Sacramento Bee: California Democrats denounce Trump on immigration, vow to ‘fight like crazy’

January 26, 2017


California Democratic lawmakers issued a stinging rebuke Wednesday of President Donald Trump’s executive actions on immigration, saying California is ready to sue the federal government to defend the state’s residents and prevent mass deportations.

At a press briefing Wednesday afternoon, Senate President Pro Tem Kevin de León, D-Los Angeles, said the Legislature will fast-track a set of new laws to expand protections for undocumented immigrants and fund legal representation for those facing deportation. Attorney General Xavier Becerra, who took office Tuesday, and former U.S. Attorney Eric Holder will play key roles in the state’s fight to “protect all Californians,” de León said.

“Thanks to the supermajority we won in November, we have the ability to use urgency clauses to implement new laws immediately, and the actions of the new administration demand an immediate response,” de León said. “We will also explore all of our legal options, in collaboration with Attorney General Becerra and the legislature’s legal counsel.”

Trump on Wednesday signed one executive order calling for a wall or “other similarly secure, contiguous, and impassable physical barrier” separating the United States from Mexico to “ensure the safety and territorial integrity of the United States.” Another states the administration’s intent to withhold federal dollars from jurisdictions that serve as sanctuaries for undocumented immigrants, in part by limiting law enforcement and other agencies from cooperating with federal immigration authorities.

San Francisco and Los Angeles, among other areas, have become high-profile examples of sanctuary cities. Federal money to local jurisdictions provides grants to law enforcement and other agencies for staffing, training, crime prevention programs, drug treatment and more.

In a statement, Becerra said it was important to keep Trump’s actions in proper context.

“Executive orders do not change existing law,” he said. “Executive orders cannot contradict existing law. And executive orders can be challenged for violating constitutional and legal standards in their enforcement.”

“The California (Department of Justice) will protect the rights of all of its people from unwarranted intrusion from any source, including the federal government.”

De León, flanked by leaders of the state’s Latino Caucus, as well as ranking members of state judiciary and budget committees, quoted from Trump’s executive order on sanctuary cities, saying California will not shy away from a legal fight, if necessary.

“These are spiteful and mean-spirited directives that only instill fear in the hearts of millions of people who pay taxes, contribute to our economy and our way of life,” de León said. “Tearing apart honest, hardworking families is not the answer. Separating mothers from their children is no solution.”

He and others, including Sen. Hannah-Beth Jackson, D-Santa Barbara, referenced an opinion piece published in the Washington Post on Dec. 22 that argues the federal government is barred from forcing cities and counties to enforce federal directives.

“We will bring a lawsuit, based on that decision, if we have to,” Jackson said after the news conference, mentioning recent Supreme Court decisions. “This man is acting recklessly and outside of existing law.”

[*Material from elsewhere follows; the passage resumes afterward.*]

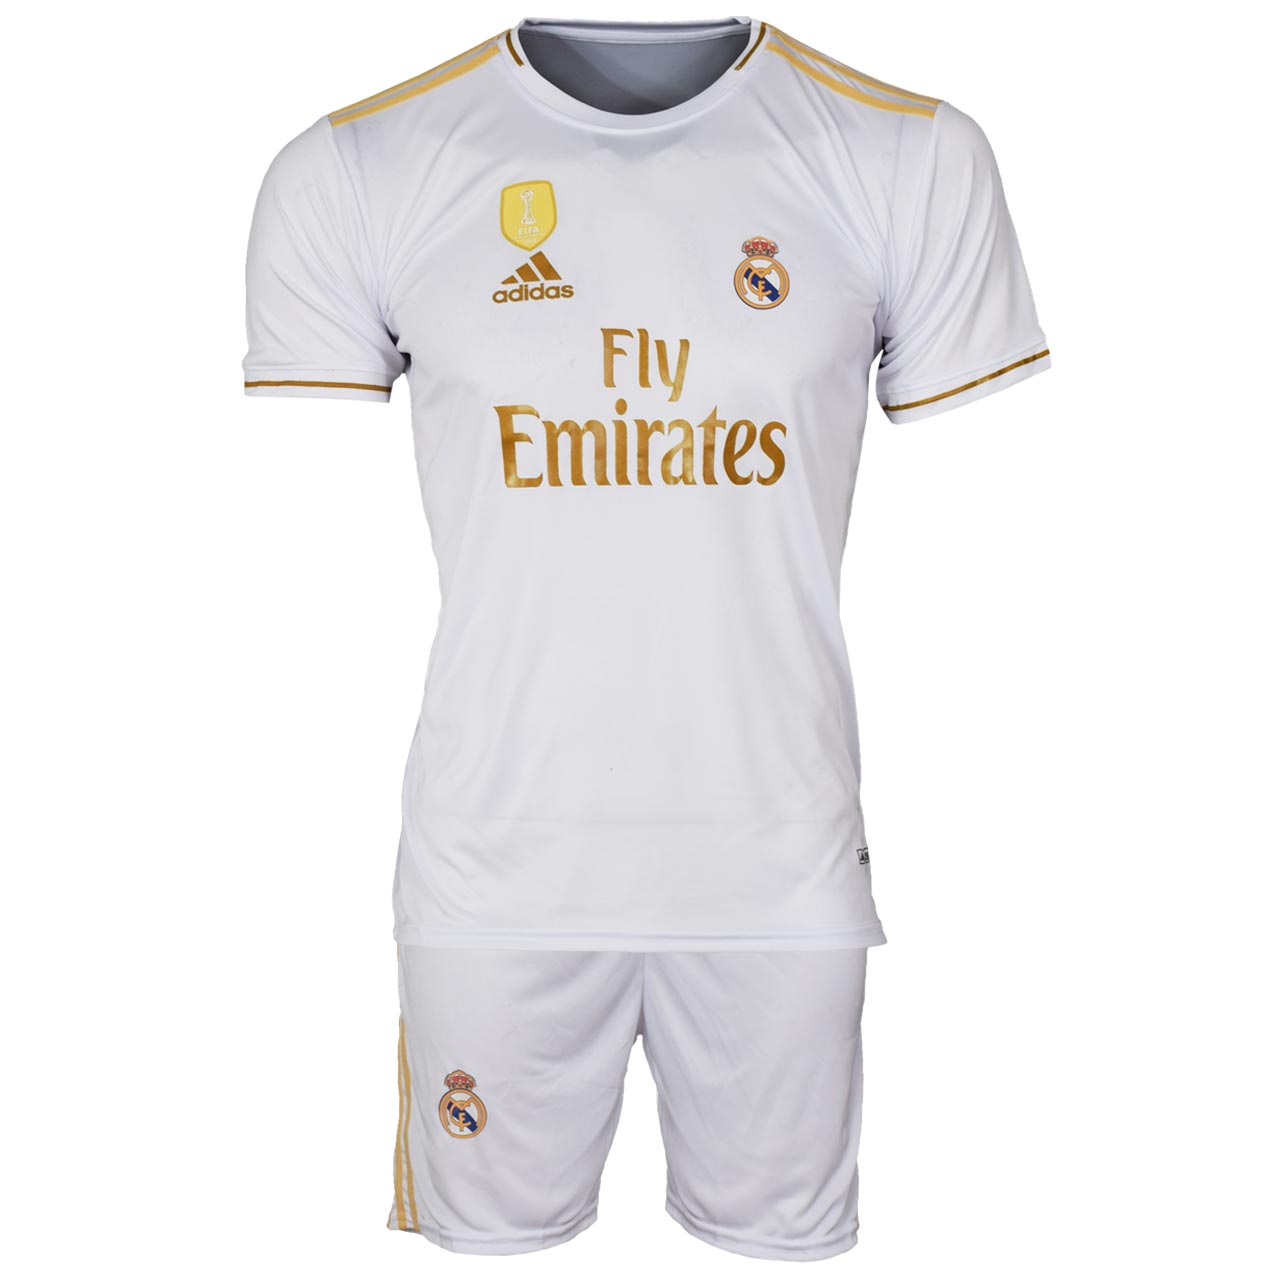 ست پیراهن و شورت ورزشی مردانه طرح رئال مادرید کد 2019-20  رنگ سفید

Lawmakers said they would speed a pair of proposed bills through the Legislature as emergency stop-gap measures in response to the duo of executive actions Trump signed.

Senate Bill 31, proposed by Sen. Ricardo Lara, D-Bell Gardens, would prohibit state or local agencies from “providing or disclosing personally identifiable information” when sought for law enforcement or immigration purposes, except as part of a “targeted investigation.” It would also prohibit law enforcement agencies from using resources to assist federal immigration officials.

SB 6, proposed by Sen. Ben Hueso, D-San Diego, would enlist the state to provide legal assistance to those facing deportation, among other things.

Republican lawmakers did not attend the press briefing, but in recent hearings leading up to Becerra’s confirmation, several said they oppose sanctuary city policies, saying they protect people who have committed crimes – an argument Democrats vehemently denounced as a scare tactic.

Sen. Scott Wiener, D-San Francisco, defended the city’s protections for immigrants and called Trump’s executive orders “piece(s) of garbage,” that are “part of a steady stream of hatred that’s been coming out of our own White House since Friday.”

“Our sanctuary city status has allowed immigrant communities in San Francisco to flourish (and become) active members of their communities without fear of sweeps or being deported,” Wiener said. “It has allowed people to contact the police and not be fearful that when the police arrive, the victim of a crime is going to be detained and deported.

“We’re proud of our sanctuary city status and we are going to fight like crazy to protect it...not just in San Francisco, but California.”